**Information provided**
====

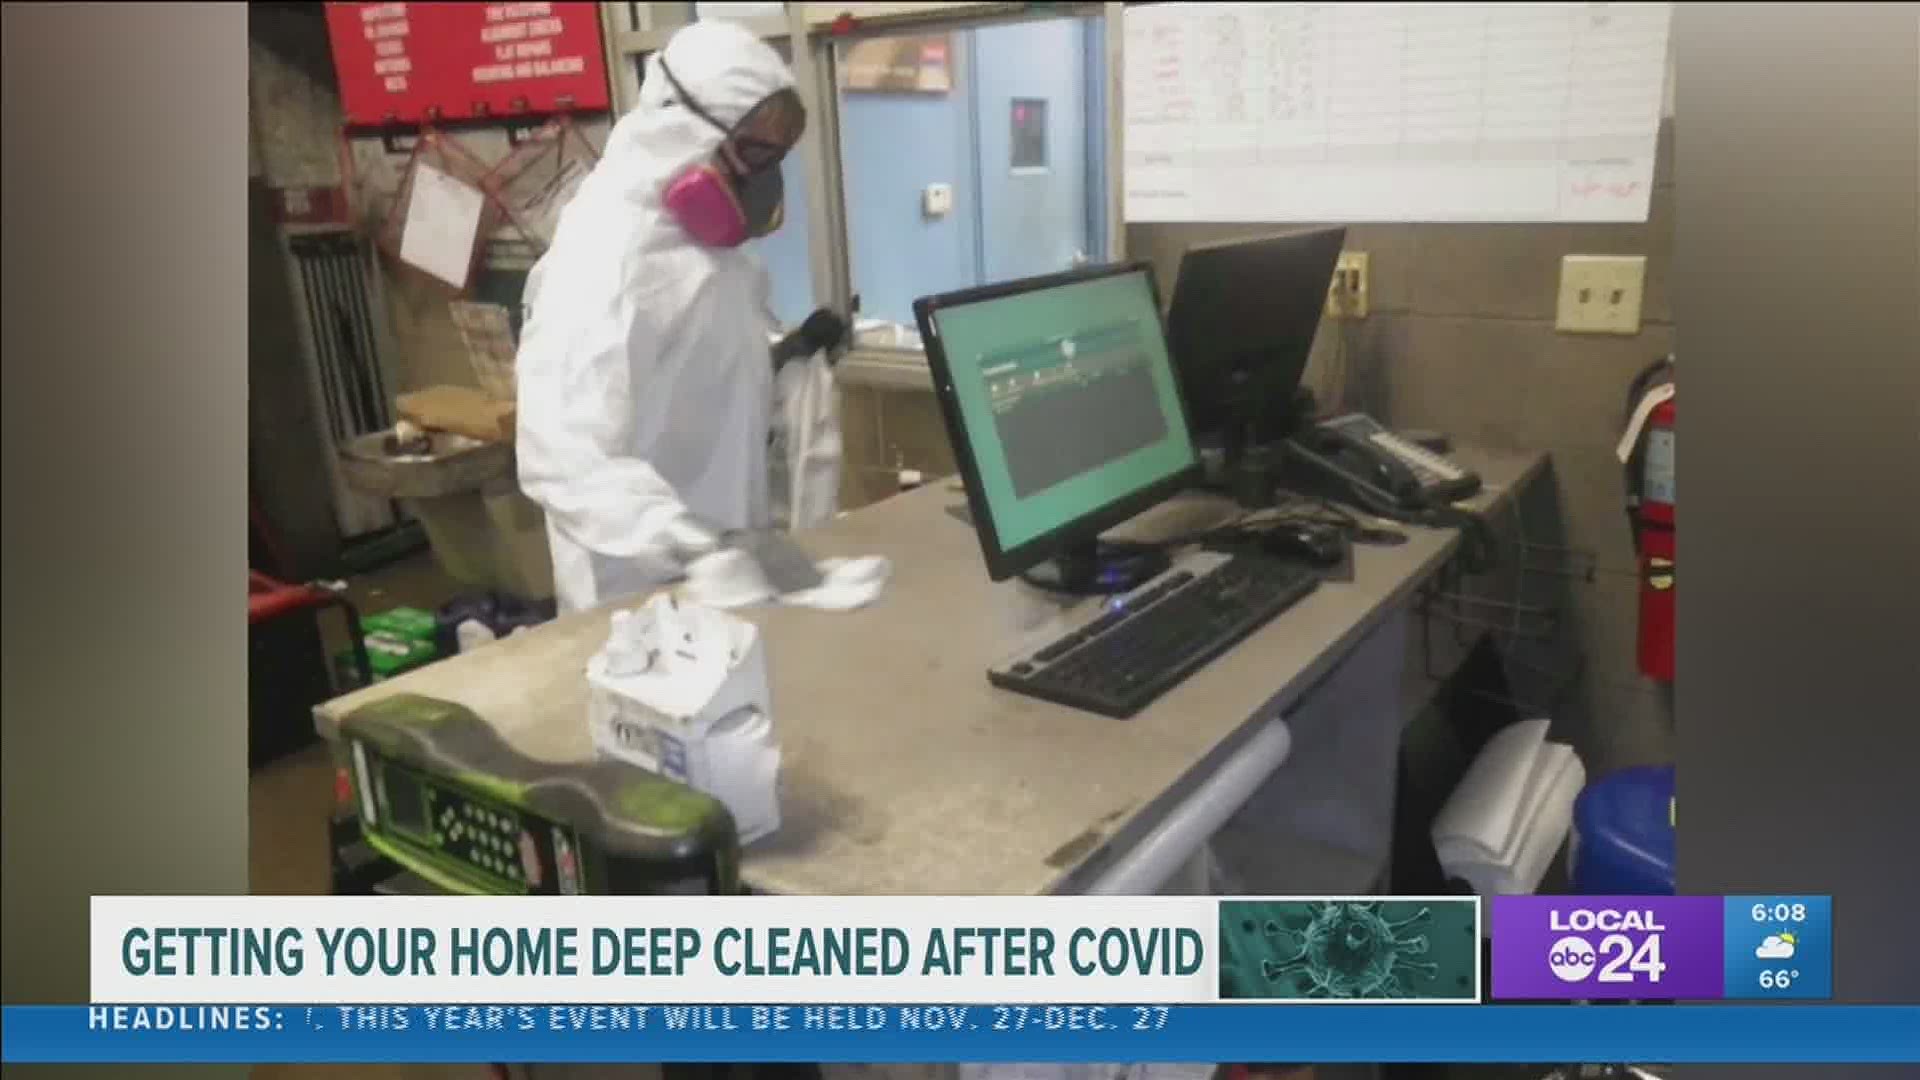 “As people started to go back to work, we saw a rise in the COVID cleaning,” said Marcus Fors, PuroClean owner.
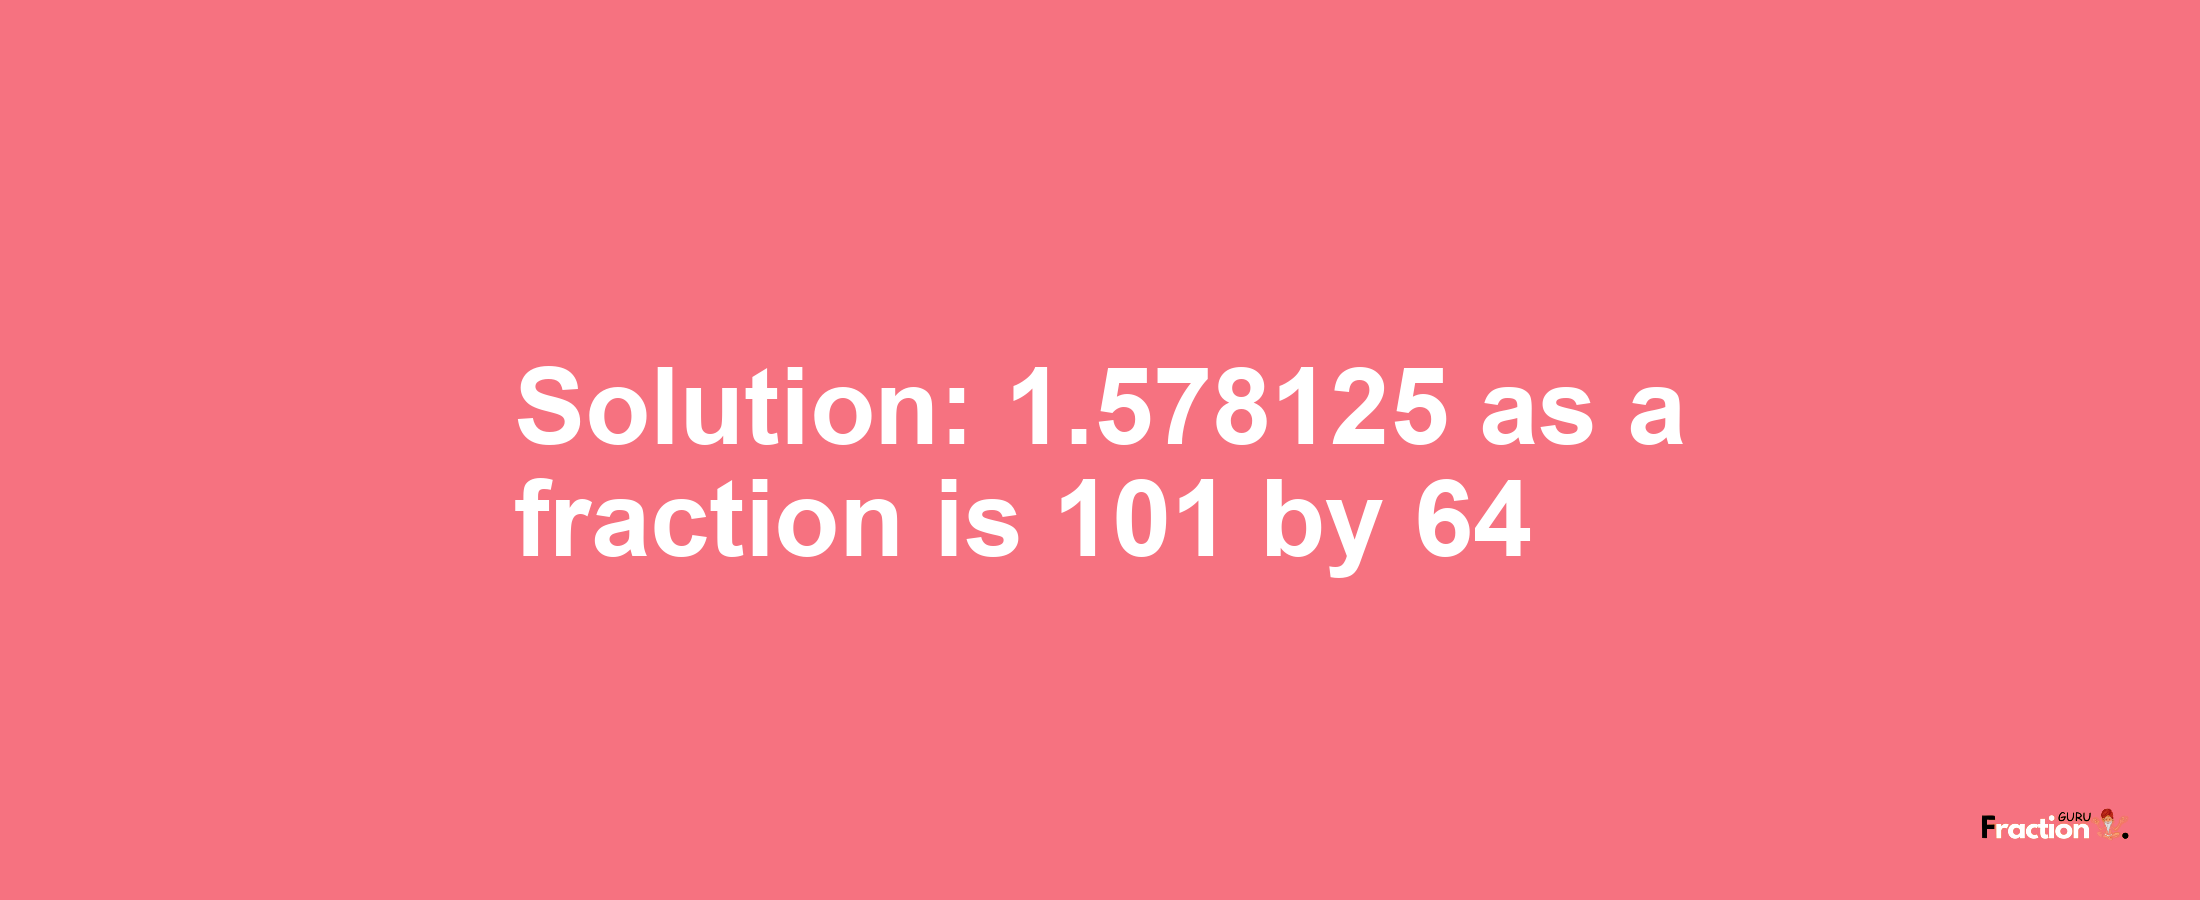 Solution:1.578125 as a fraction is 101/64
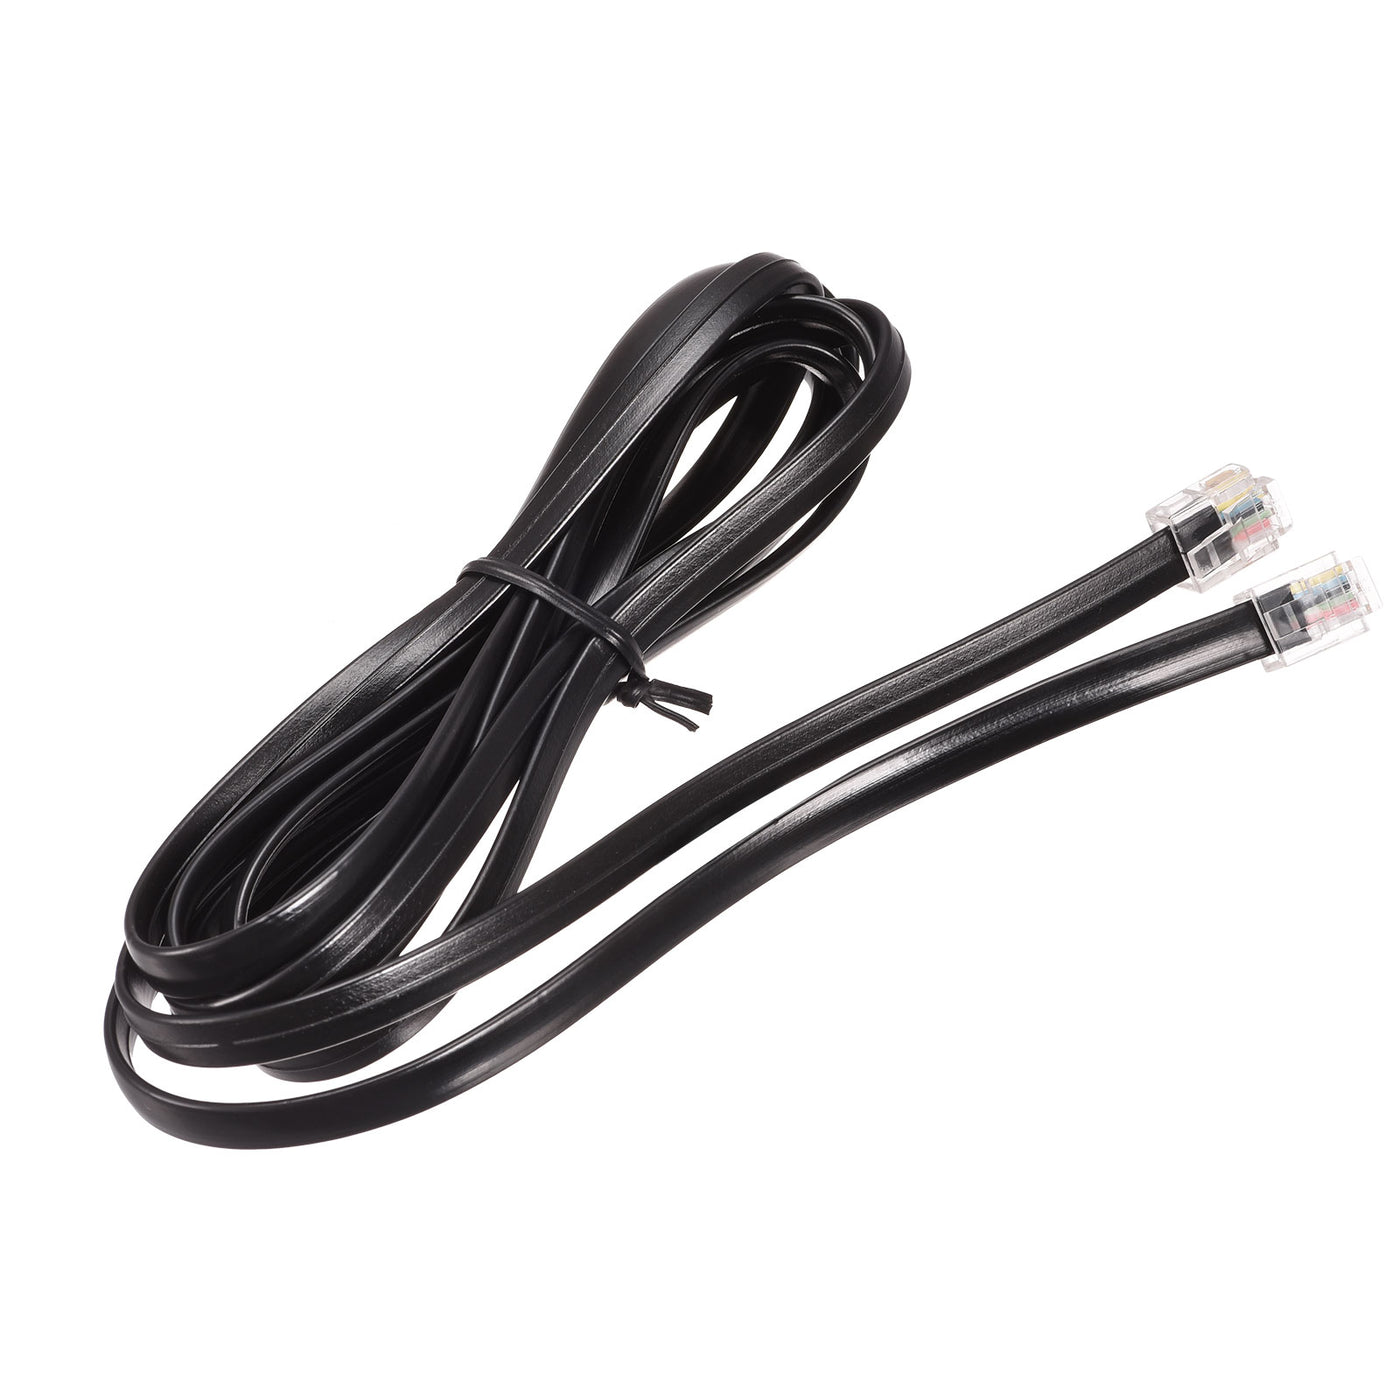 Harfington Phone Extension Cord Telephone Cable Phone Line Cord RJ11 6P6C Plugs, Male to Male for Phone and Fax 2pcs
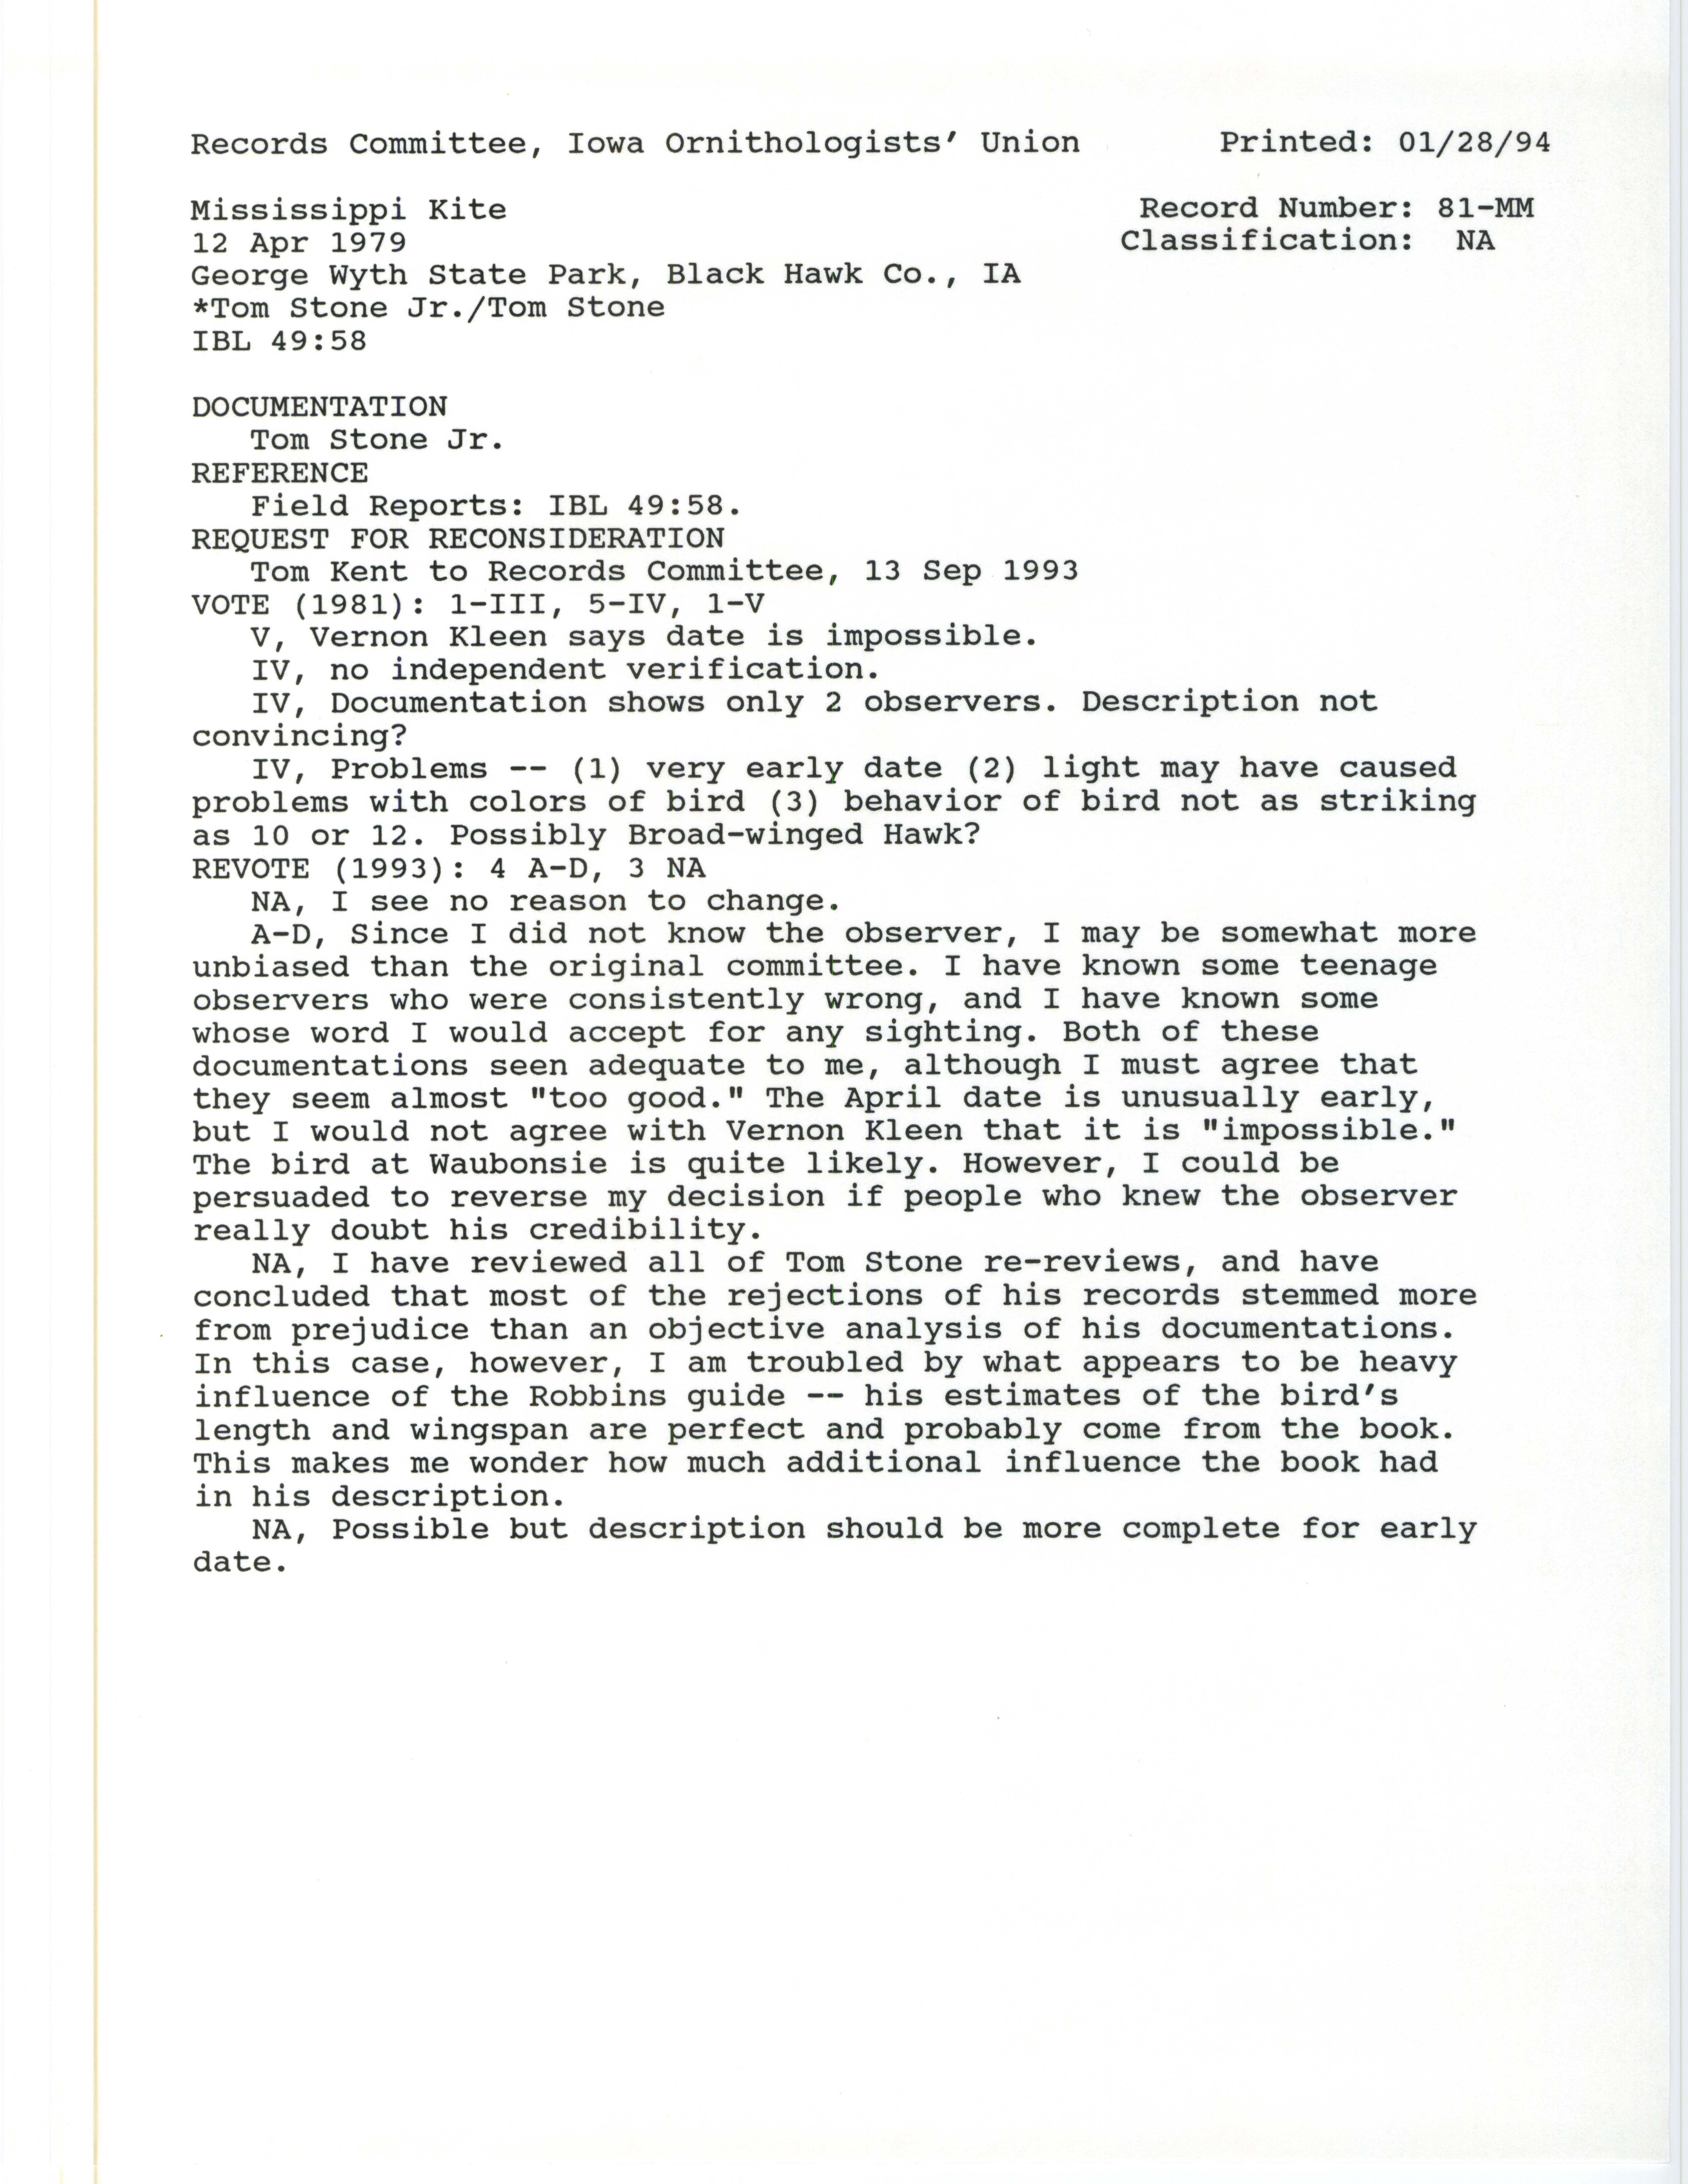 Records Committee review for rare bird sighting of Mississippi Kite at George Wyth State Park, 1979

====

**Exercise**
Print out all the material word for word but exclude any images.

**Written answer**
 “As people started to go back to work, we saw a rise in the COVID cleaning,” said Marcus Fors, PuroClean owner.
 Solution:1.578125 as a fraction is 101/64
 Harfington Phone Extension Cord Telephone Cable Phone Line Cord RJ11 6P6C Plugs, Male to Male for Phone and Fax 2pcs
 Records Committee review for rare bird sighting of Mississippi Kite at George Wyth State Park, 1979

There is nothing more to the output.